Tuesday, 10 March 2015
The design of free exploration learning: lessons from Gone Home
Gone Home, according to some computer games players, is one of the best games of 2013, and according to others it's not a game at all. Like the now-legendary Myst, it's a first-person exploration game, but with a naturalistic setting of 1990s small town America: your character, Katie, arrives at the family home after a pre-college European trip to find the house deserted with a note from her younger sister Sam on the front door; the game consists of your going round the house discovering notes and objects in order to find out what's happened. There are no hidden menaces, no jump scares (though the building's reputation as "the psycho house" and the dark and stormy night in which the events take place may mis-cue you into thinking there's a horror theme); just the real stuff of people's lives, their conflicts and disappointments - and, perhaps, a few inklings of hope and redemption.
Those players who get into the game seem to really get into it; those expecting something to shoot or even puzzles of a clearly-defined kind (as distinct from puzzles of interpretation) are disappointed. (The game's designer has produced a wickedly funny spoof trailer for a version of the game reworked as the first-person shooter - "Gun Home" - some players would clearly have liked it to be.)
As a learning designer, I was interested in how the game is designed to allow free exploration and yet lead you forwards on a journey of discovery; locked doors, filing cabinets, and so on, are used to prevent you from seeing certain things until you've seen others, so that you can't experience the backstory in the wrong order.
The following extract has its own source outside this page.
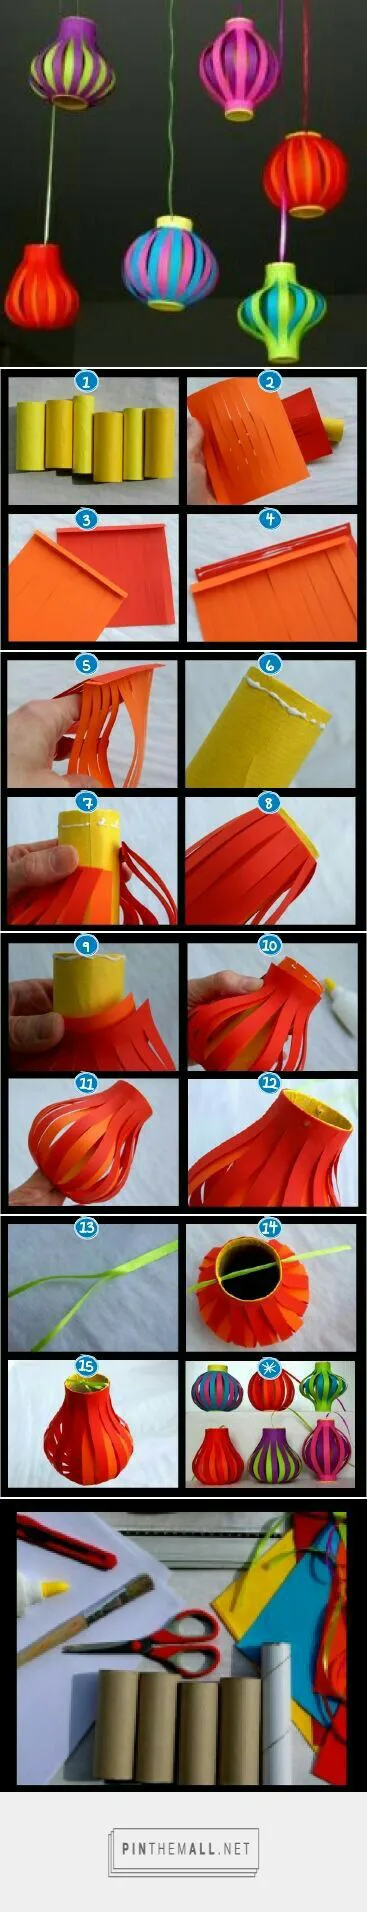 Clever use for toilet paper rolls and fun way to make lanterns: 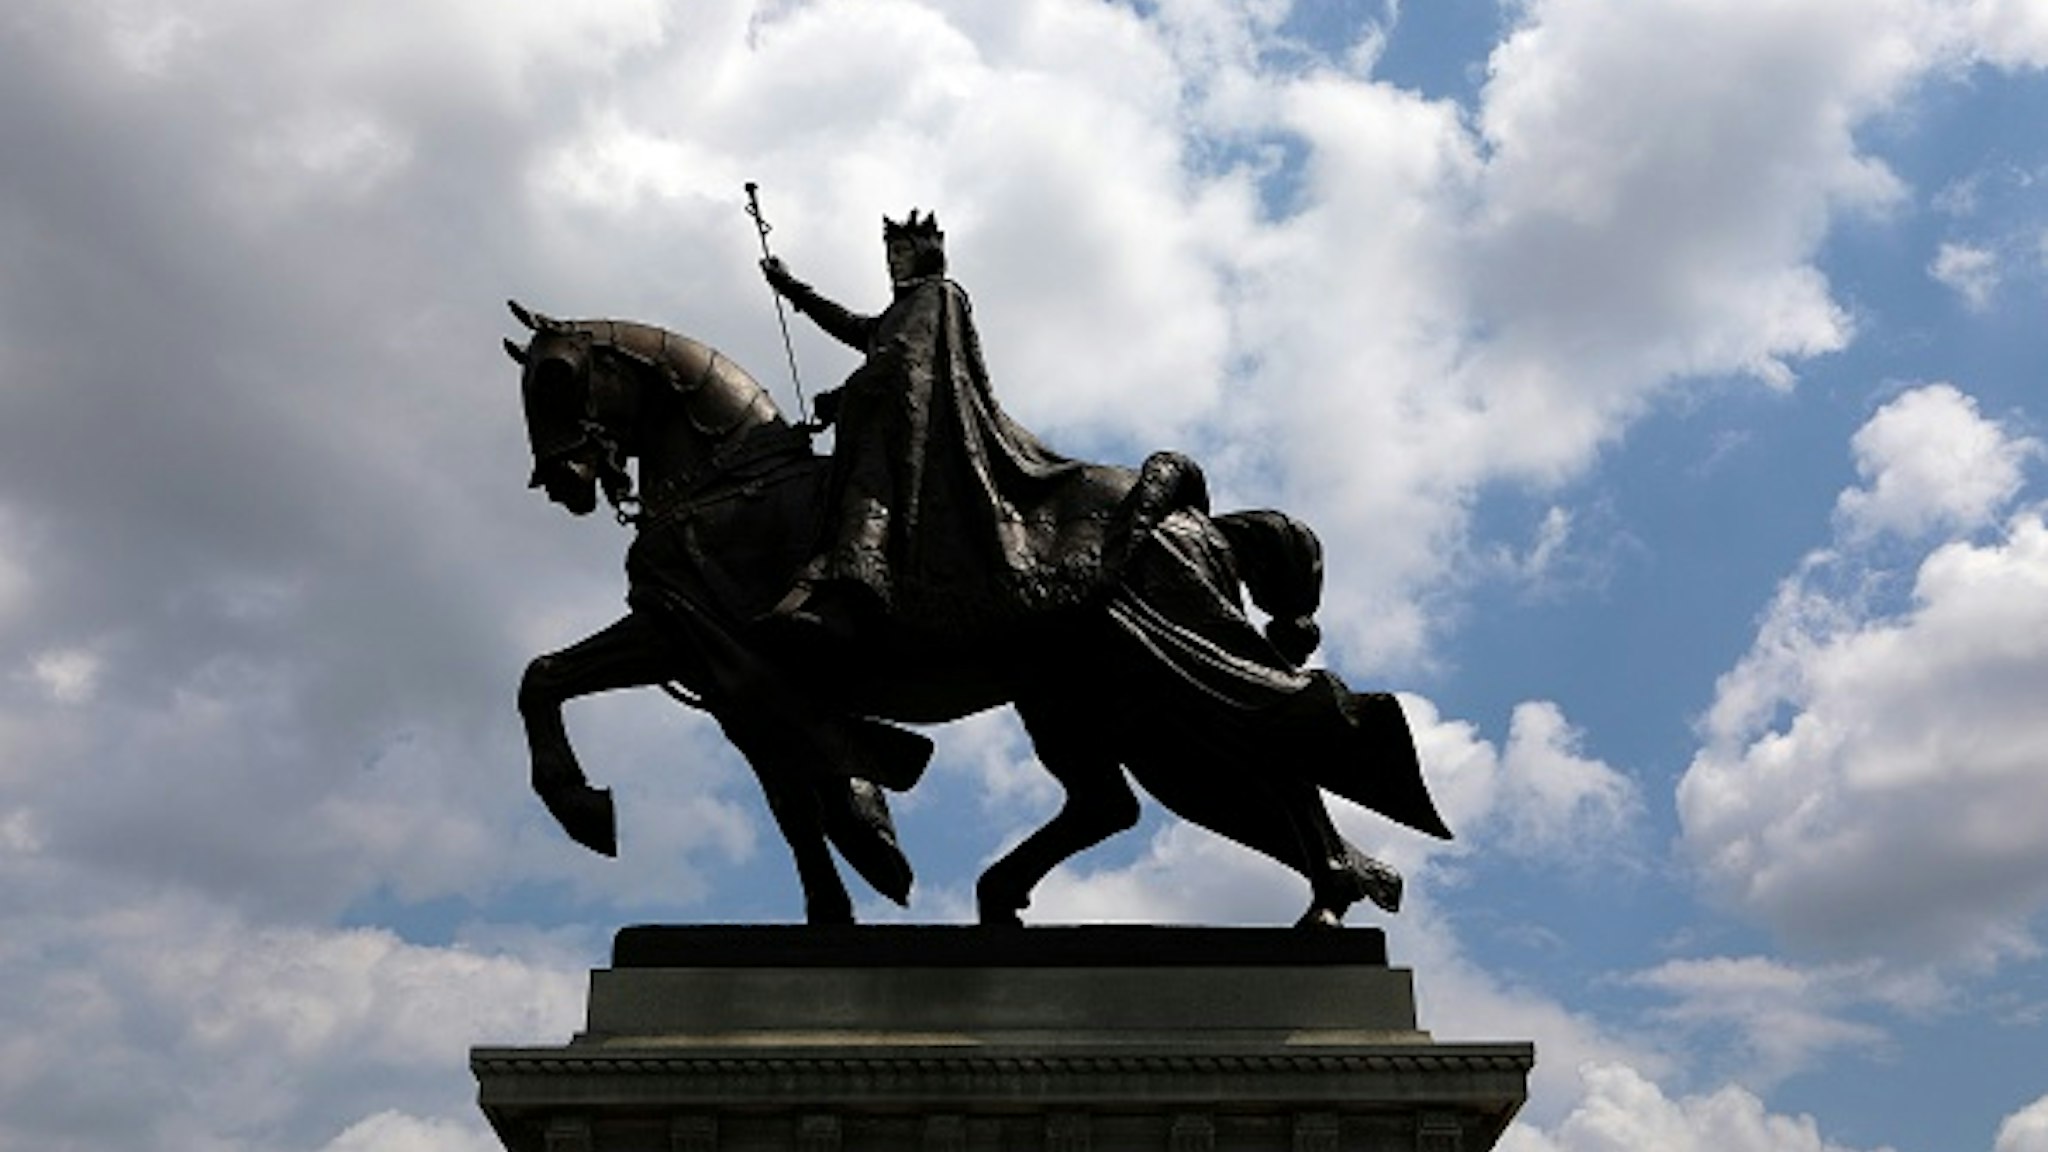 ST. LOUIS - AUGUST 10: 'Apotheosis of St. Louis', a statue of King Louis IX of France, the namesake of St. Louis, Missouri stands outside the St. Louis Art Museum in St. Louis, Missouri on August 10, 2017.

Mum, Dad and Sam each have their own storyline, though Sam's is privileged; her audio journals to Katie give you direct access to her thoughts, and the attic - the final room you can reach - includes the objects which mark the conclusion of her storyline.
Like many players, of both genders and sexual orientations, I was both engaged and moved by the story of Sam's developing relationship with another girl from school, but I was also taken with the father's story: author of a moderately successful thriller some years ago, he failed to follow it with anything other than inferior sequels and he's now reduced to writing reviews for hi-fi magazines. After completing the game (as I thought), I was surprised to discover just how much of the father's storyline I'd missed. As this online comment shows, there are enough clues distributed around to reconstruct what happened to him as a child and why the house (which originally belonged to his Uncle Oscar) was known as "the psycho house", and also to give his storyline a happier ending than I originally thought. I wouldn't have seen all this without help though, because the game doesn't put pressure on you to uncover it, as it does with Sam's secrets.
That's the problem with designing games, or online courses, which are based on free exploration: you need to reconcile yourself to spending time and effort on developing features or branches which some of your players or learners are never going to experience.